* _Source information_:

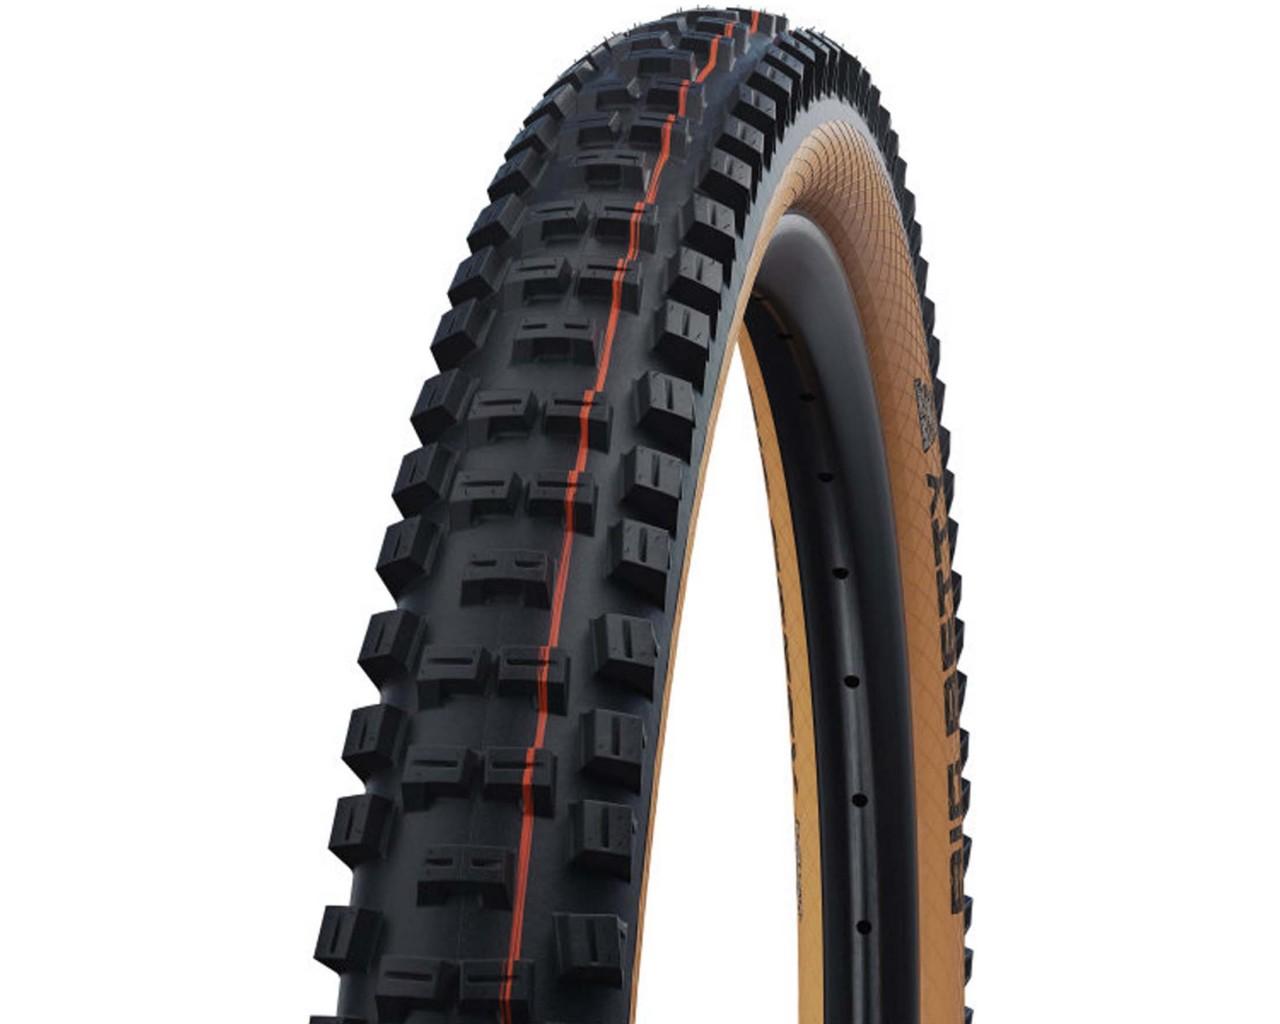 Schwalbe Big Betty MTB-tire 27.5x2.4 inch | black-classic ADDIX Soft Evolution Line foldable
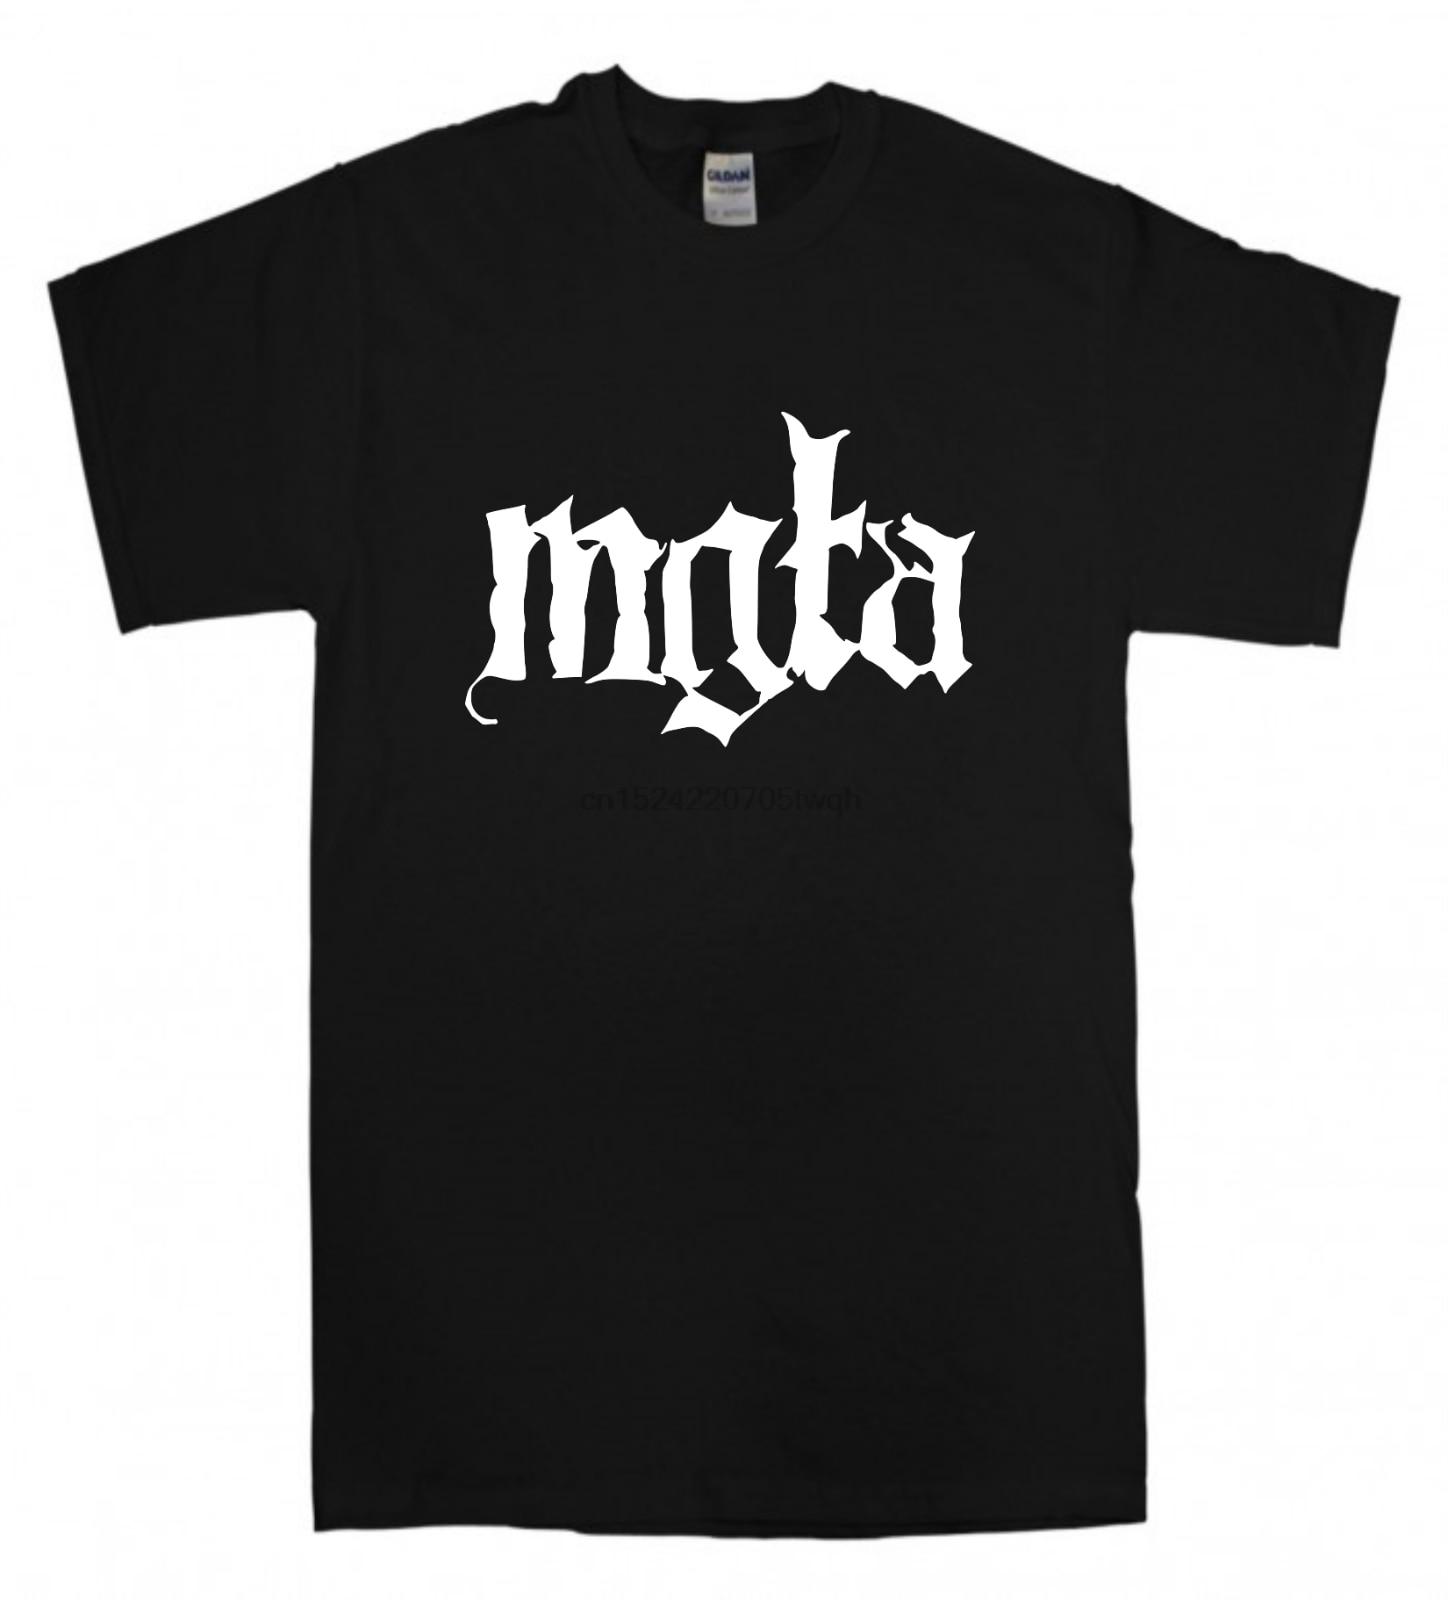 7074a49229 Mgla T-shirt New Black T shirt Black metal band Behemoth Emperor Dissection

...

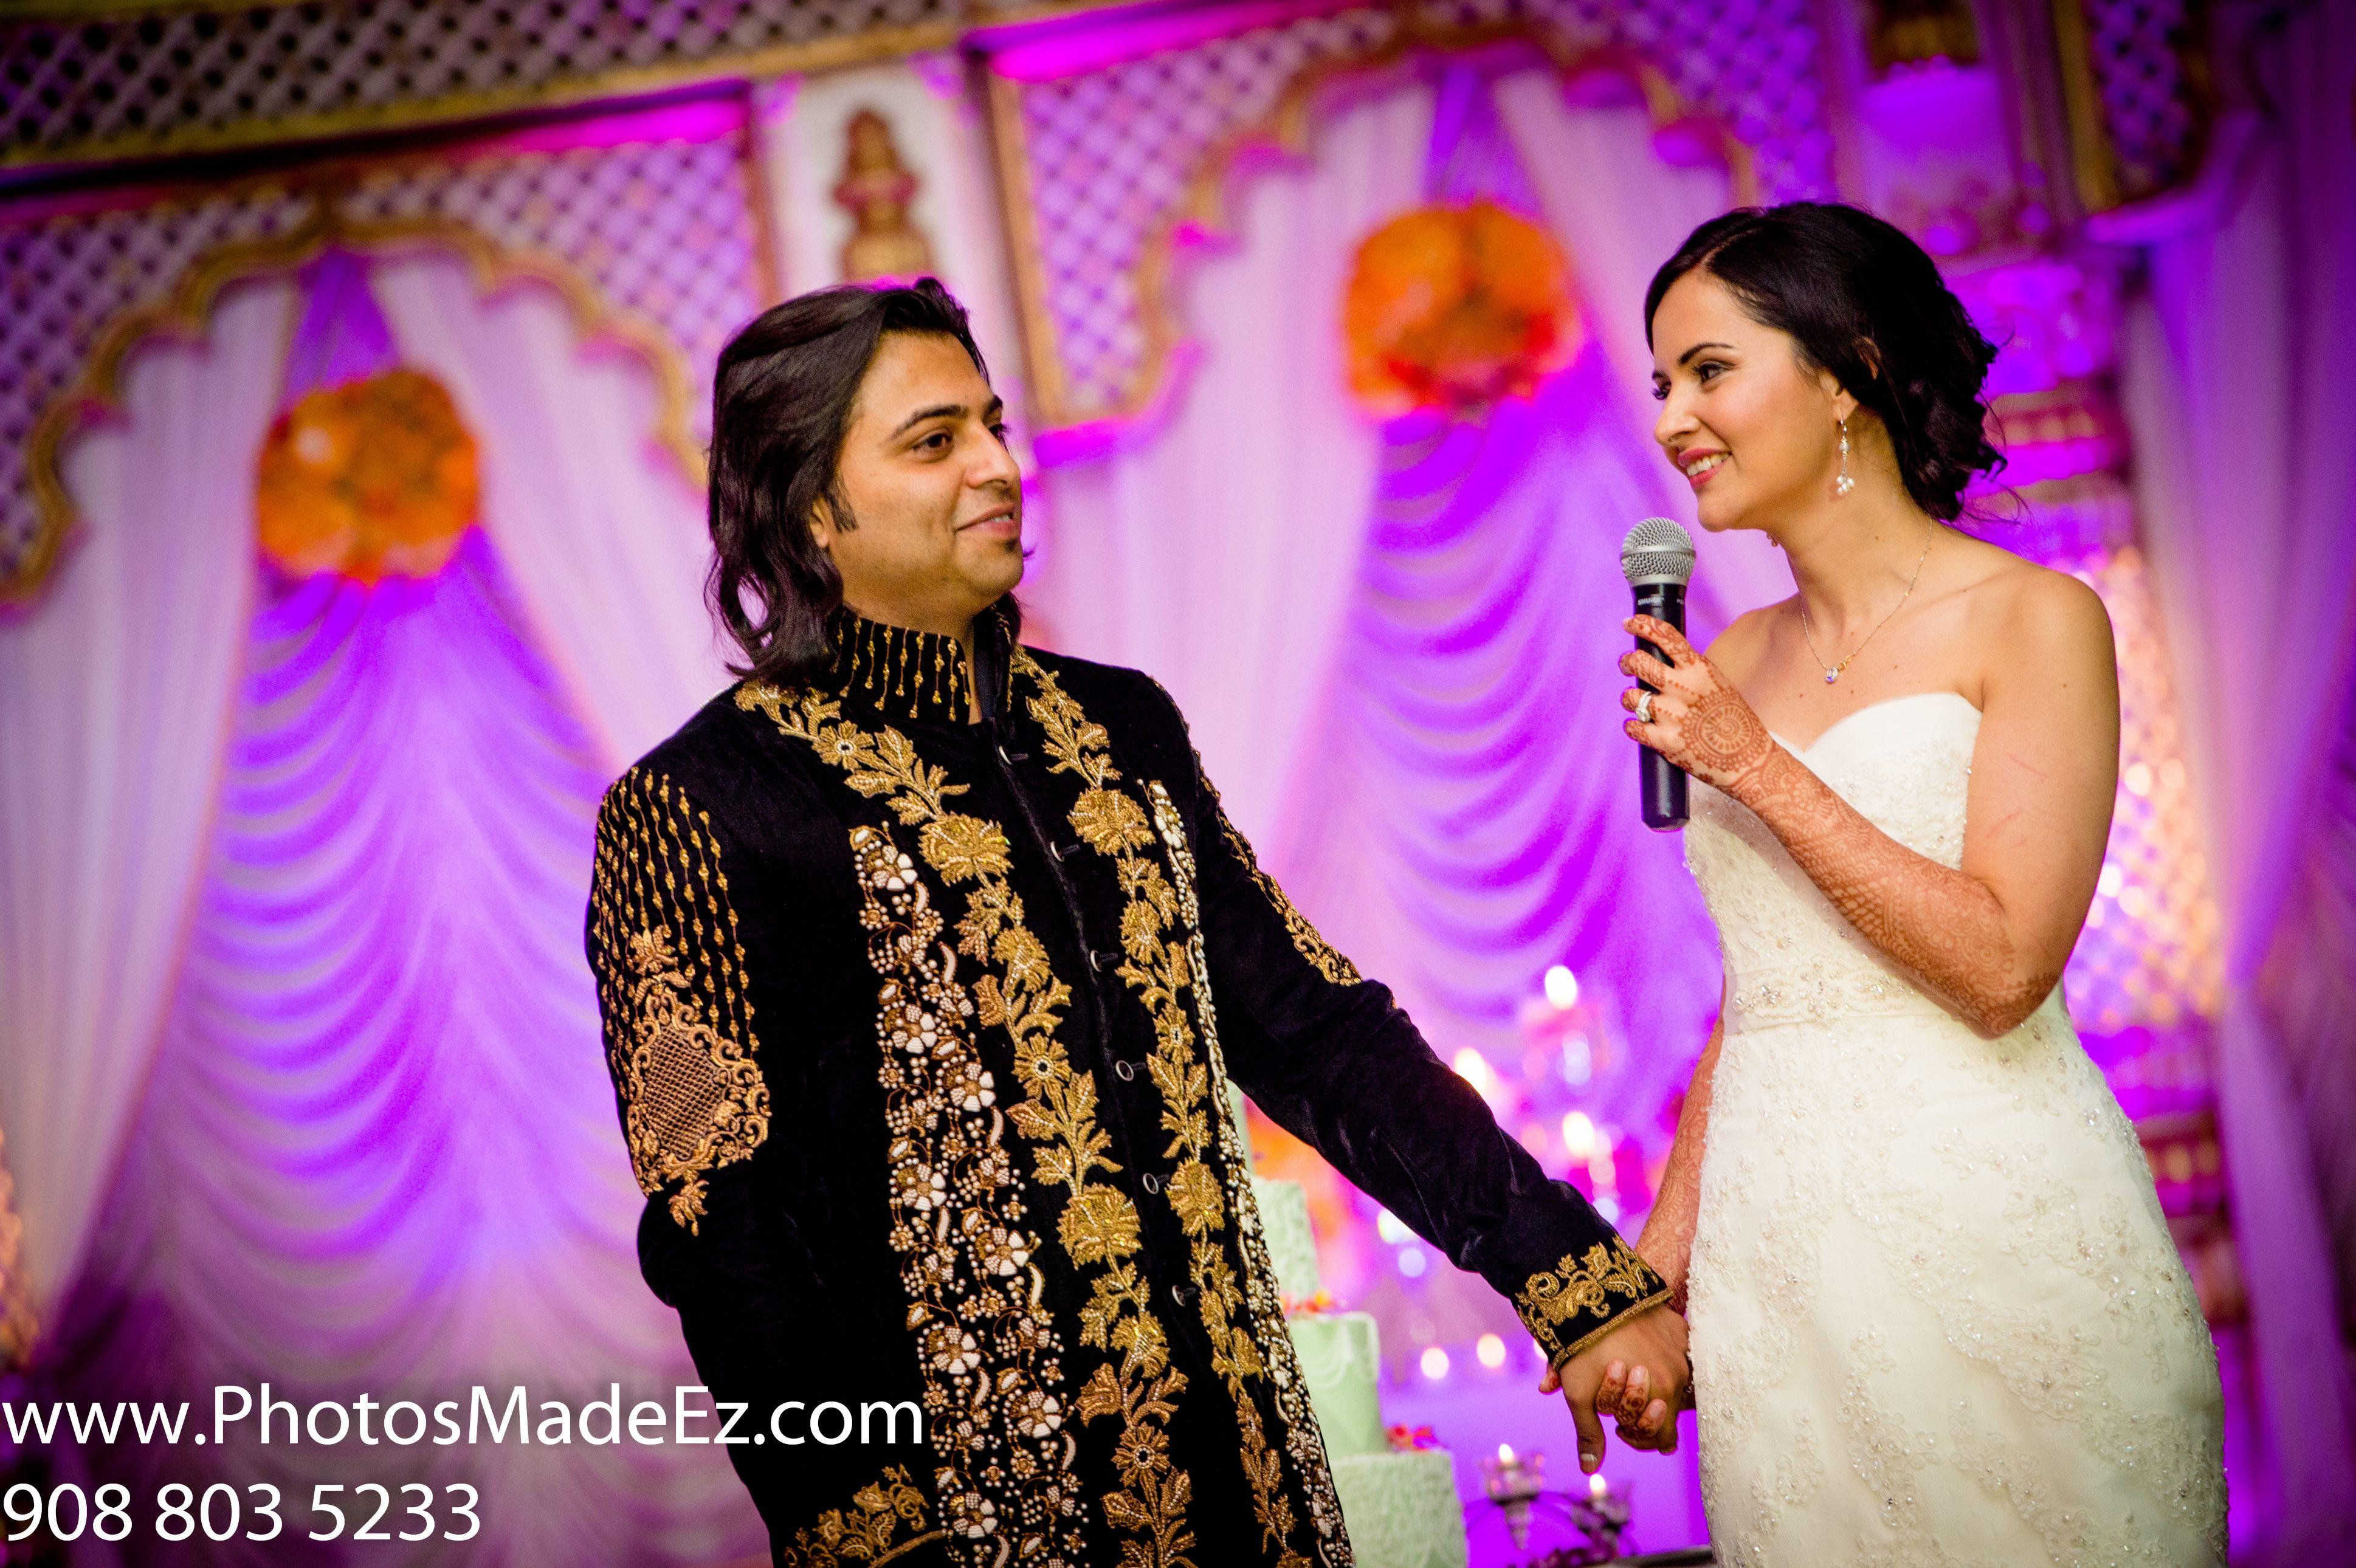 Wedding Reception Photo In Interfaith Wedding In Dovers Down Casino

* _Directions for this task_: Transcribe, word for word, the lines of the listing above from the one that contains "Schwalbe Big Betty" through the one that contains "7074a49229 Mgla T-shirt", keeping both ends and dropping the pictures.

* _Answer space_:
 Schwalbe Big Betty MTB-tire 27.5x2.4 inch | black-classic ADDIX Soft Evolution Line foldable
 7074a49229 Mgla T-shirt New Black T shirt Black metal band Behemoth Emperor Dissection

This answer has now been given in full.